If you are only moving the data from MATLAB to C occassionally, the easiest thing would be to write it to a binary file, then read from the file in C. This of course leaves the C code completely independent of MATLAB.
This does not have to be that messy if your data structure is just a cell array of regular arrays, e.g.
a{1} = zeros(1,5);
a{2} = zeros(1,4);
You could just write a header for each cell, followed by the data to the file. In the above case, that would be:
[length{1} data{1} length{2} data{2}]
In the above case:
5 0 0 0 0 0 4 0 0 0 0
If the arrays are 2D, you can extend this by writing: row, column, then the data in row-major order for each cell.

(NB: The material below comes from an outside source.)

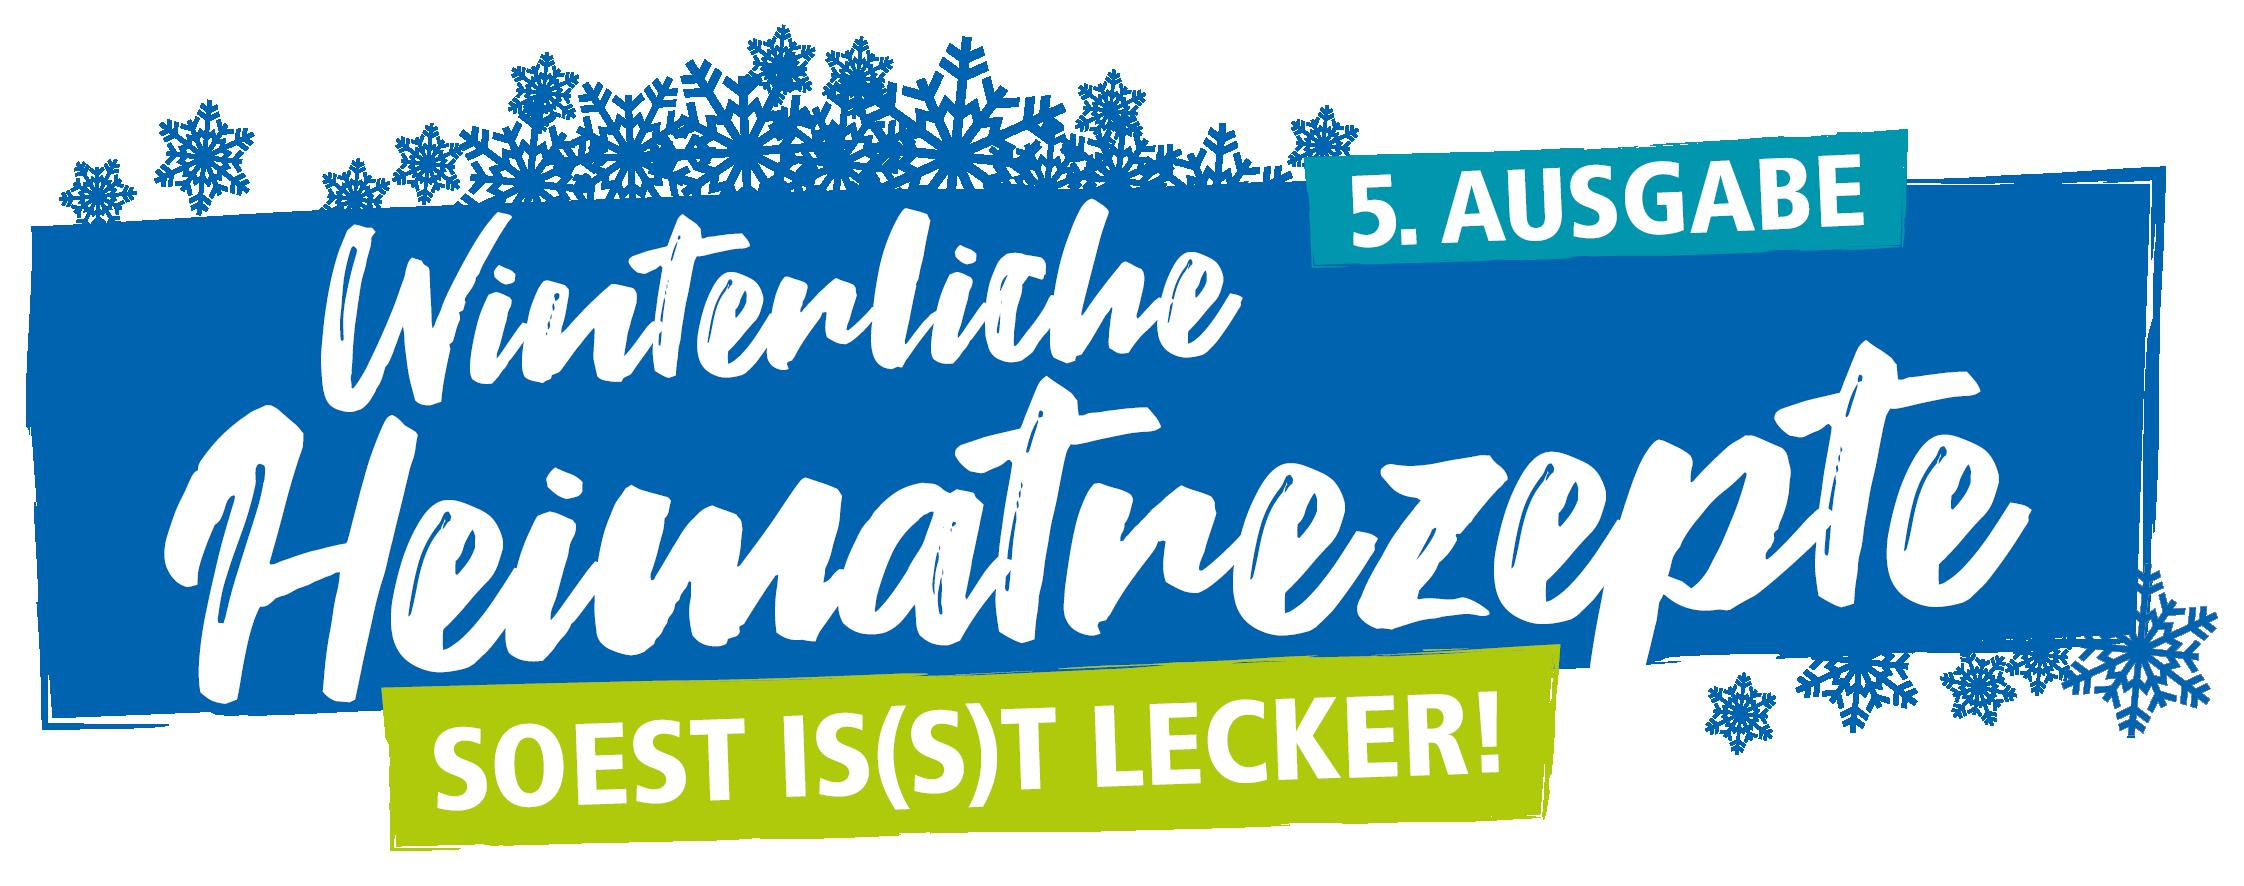 Heimatrezepte Soester Anzeiger

This might not be entirely convenient, but it should be simple enough. You could also save it as a .mat file and read that, but I would not recommend that. It is much easier to put it in a binary format in MATLAB.
If you need to move the data more frequently than is convenient for a file, there are other options, but all I can think of are tied to MATLAB in some way.
You should use mex files:
http://www.mathworks.fr/support/tech-notes/1600/1605.html
If the two processes need to connect during their lifecycle, you have plenty of options:
Compile Matlab DLL.
Use Matlab Engine.
Compile MEX file (as #Oli mentioned earlier)
If the communication is offline (After Matlab closes, C++ starts to read), then you should use filesystem. Try to format it in XML, it is a well recognized standard.